Paradis Paris comporte ce talent de nous surprendre dans de ténus renversements: l’adolescente dépressive qui contre toute attente après être restée mutique chez son psychiatre fait de son ravisseur un psy improvisé. Et ce dernier qui rappe et danse follement dans un espace d’enfermement, même ce personnage cagoulé qu’on ne verra jamais nous est rendu attachant par le regard humain et décalé de la cinéaste.

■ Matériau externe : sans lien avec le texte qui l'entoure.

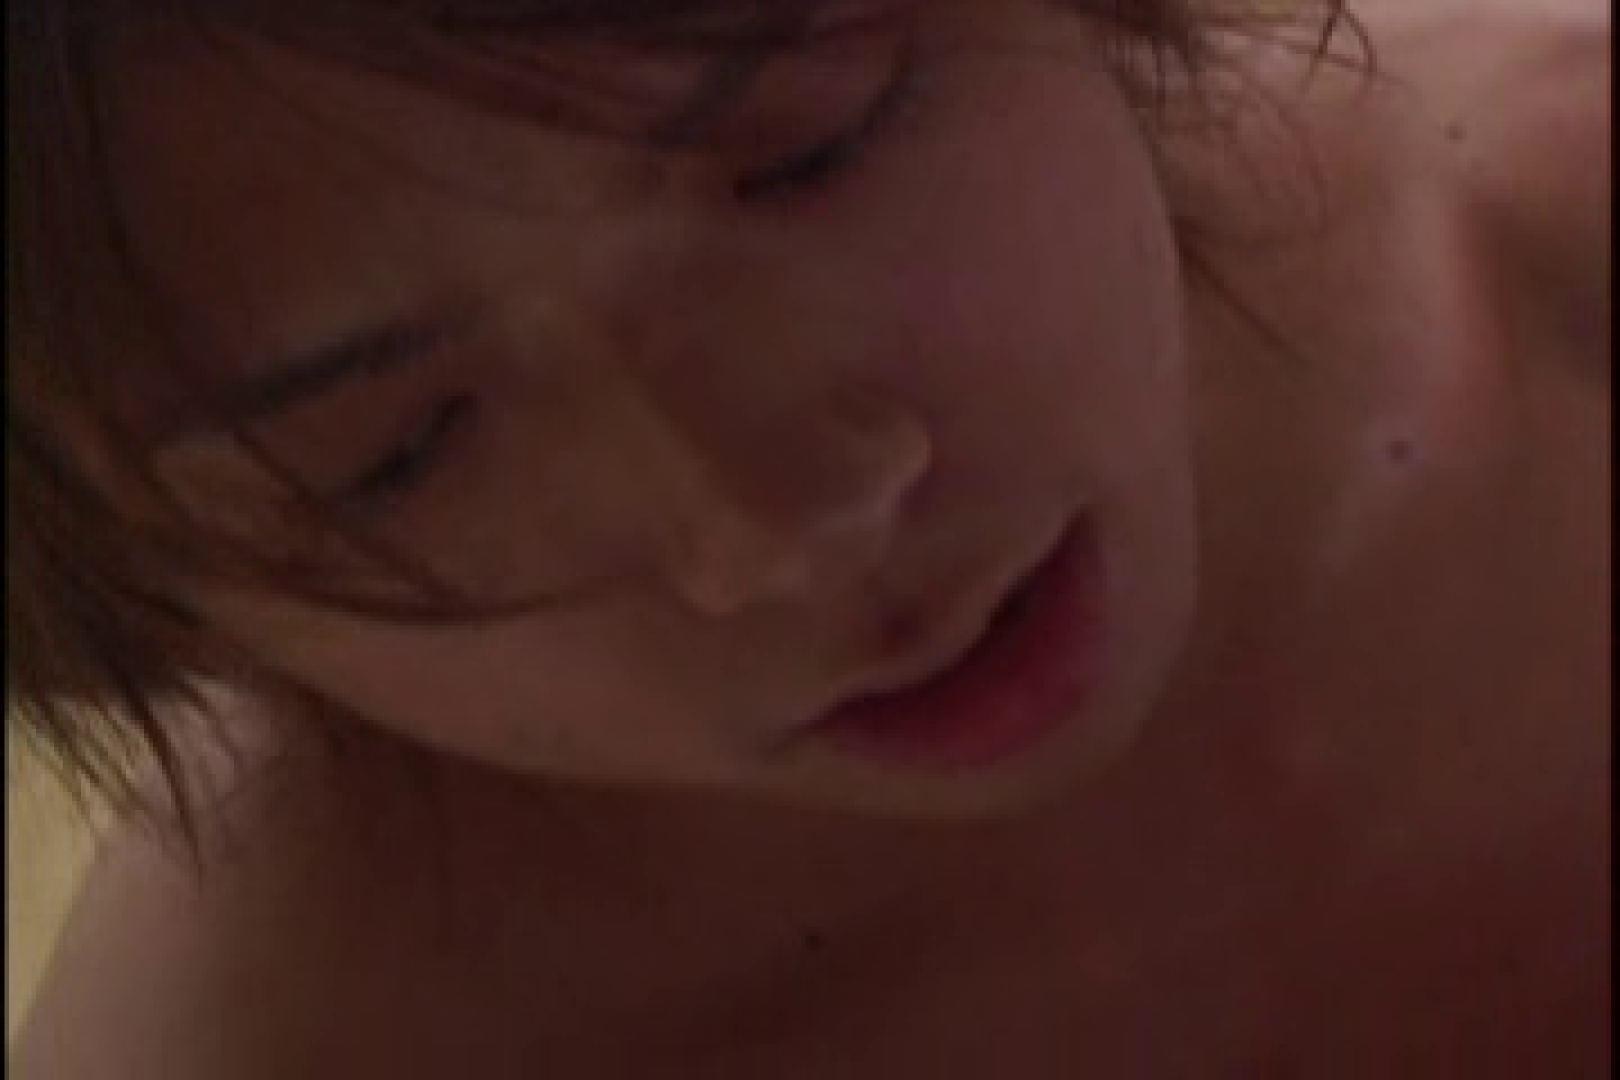 BEST OF イケメン!!男目線のガチSEX vol.02(対女性作品) 男・男 ゲイエロ動画 68pic 62
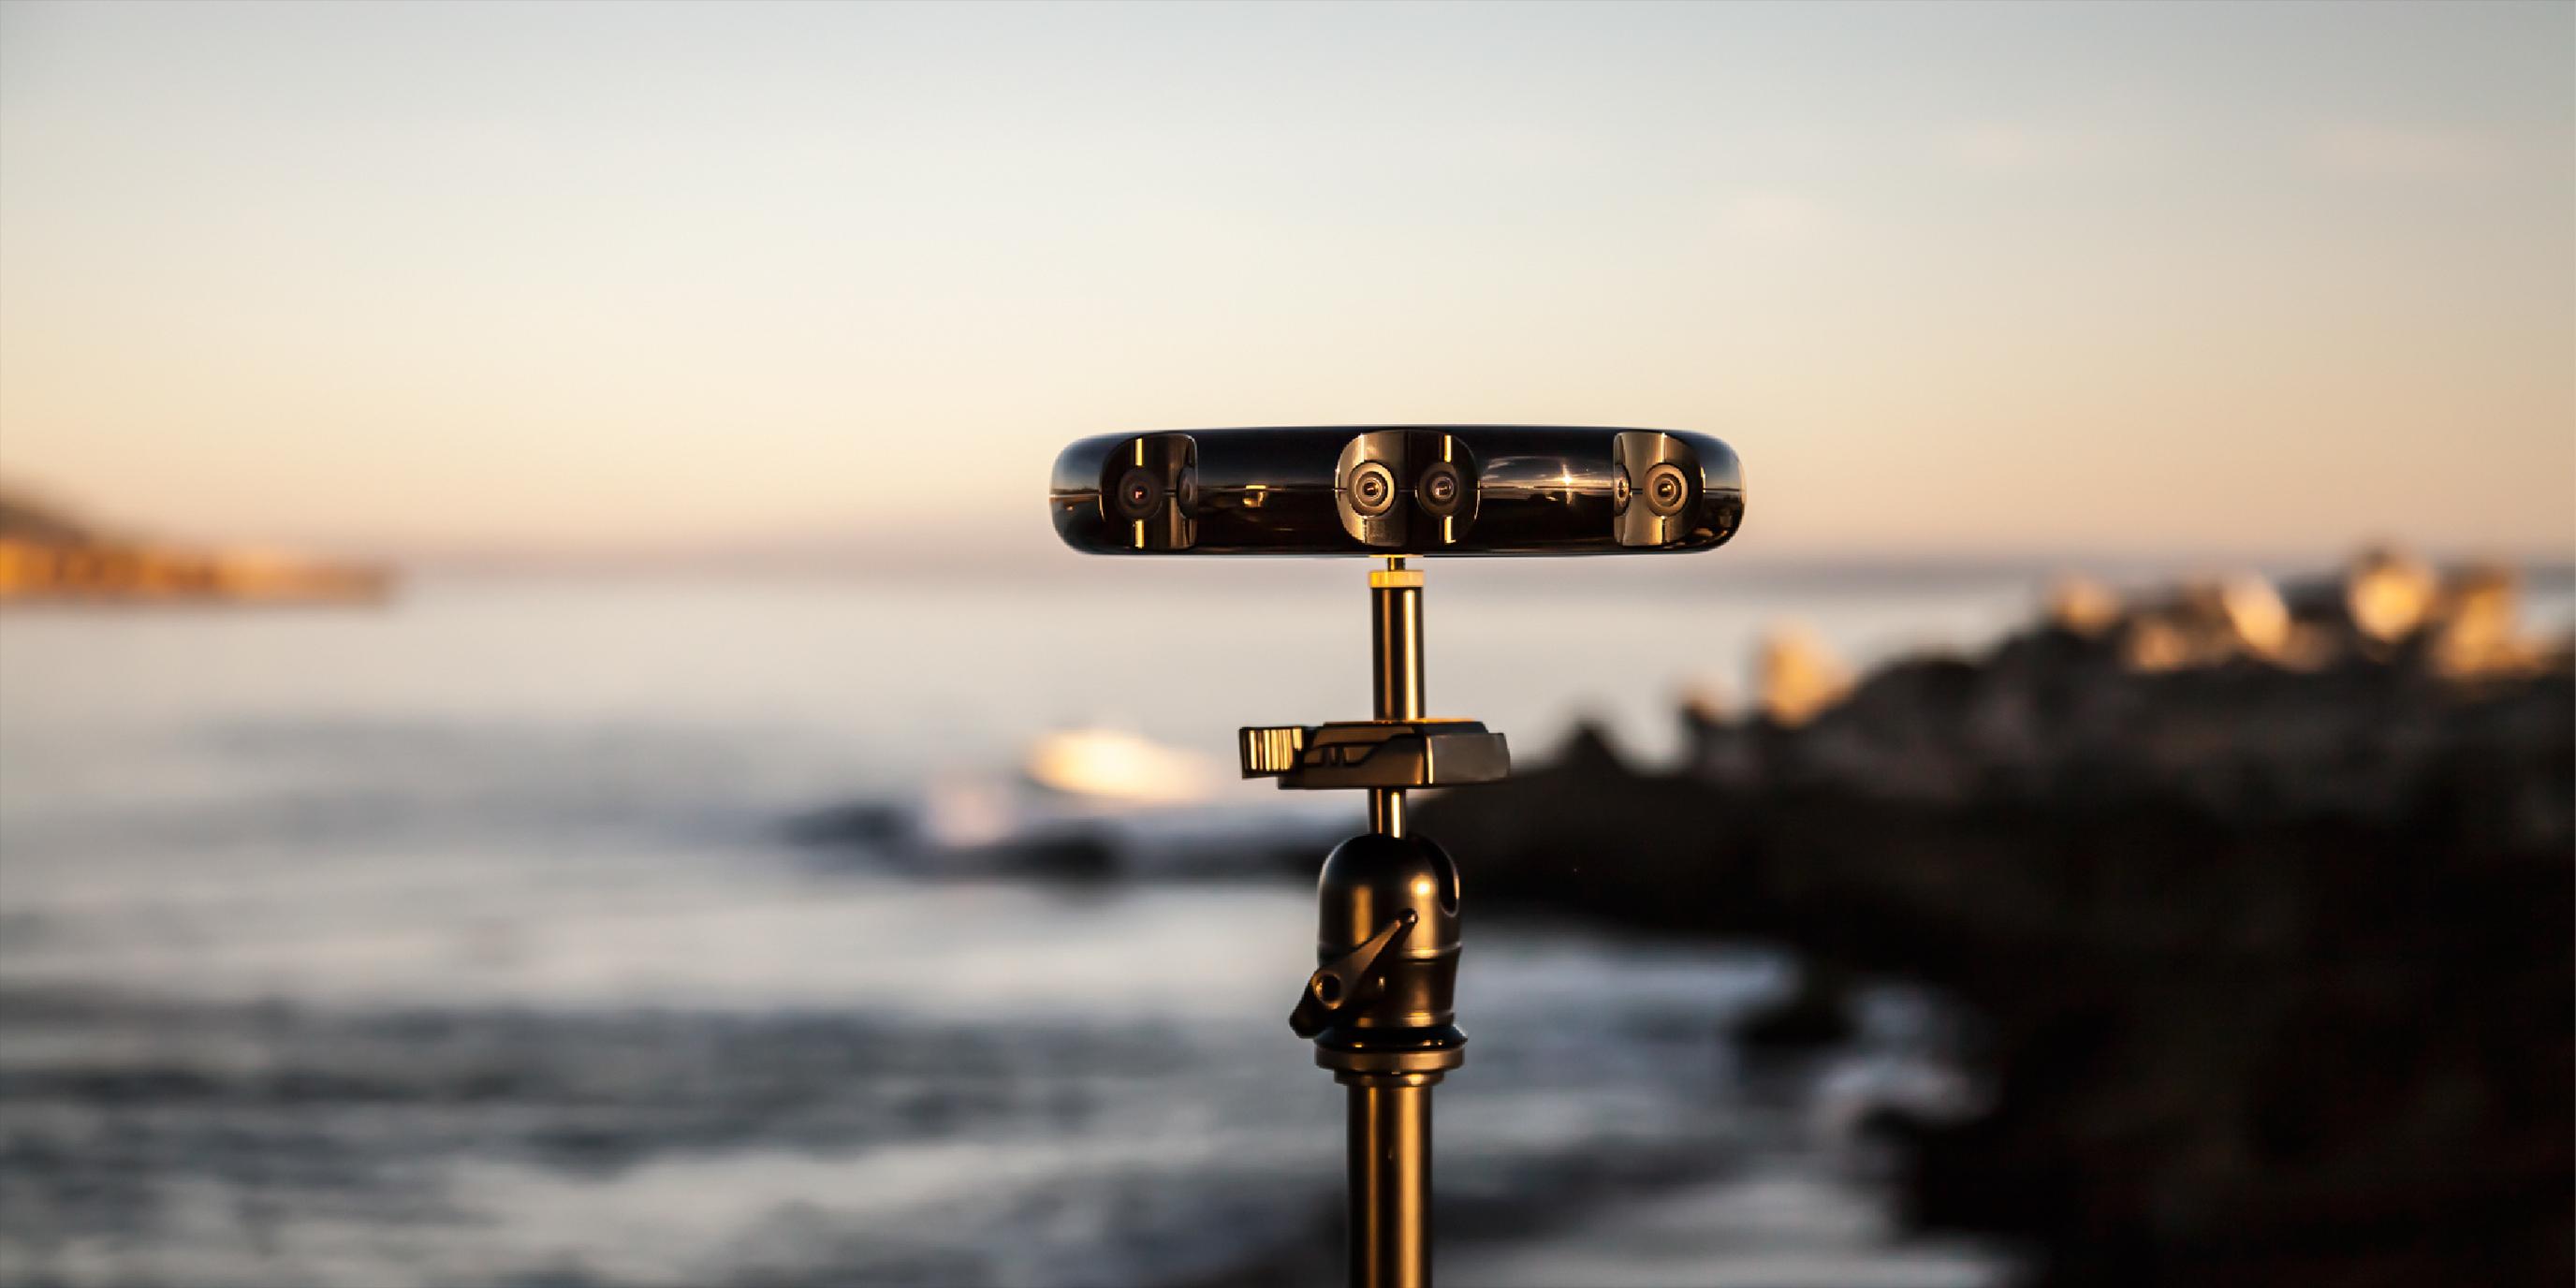 Samsung、ストリーミング/3D対応の全方位カメラ「Beyond」 ~ヘッドマウントディスプレイでその場の様子を眼前に再現

Paradis Paris c’est un peu un hymne à la ville magique celle qui permettrait politiquement donc ici artistiquement toutes les cohabitations (le casting cosmopolite est à l’unisson) tous les accents et langues, toutes les connexions et liaisons mystiques et réelles. Il y a du merveilleux dans la sincérité avec laquelle la réalisatrice est attentive au versant le plus touchant de chacun de ses personnages. Il y a aussi cette foi qu’avait Thomas Bernhard dans ses textes les plus cruels en son être vital, ceux qui sauvent de l’annihilation et du désespoir. De même le cinéma de Satrapi est traversé de cette lueur : l’être vital existe et dans la vie de chacun il peut prendre la figure attendrie de ce maquilleur amoureux du cascadeur (Gwendal Marimoutou). Et puis il y a cet élan scénaristique vers le burlesque, la farce ou l’imprévu qui permettent d’offrir légèreté et inattendu à l’intérieur de la gravité.
Marjane Satrapi agence son écriture et ses scènes en laissant toujours la possibilité d’autres motifs, ceux qui témoignent d’un désir ascendant de saluer la chance, la volonté de vivre et de trinquer en son honneur.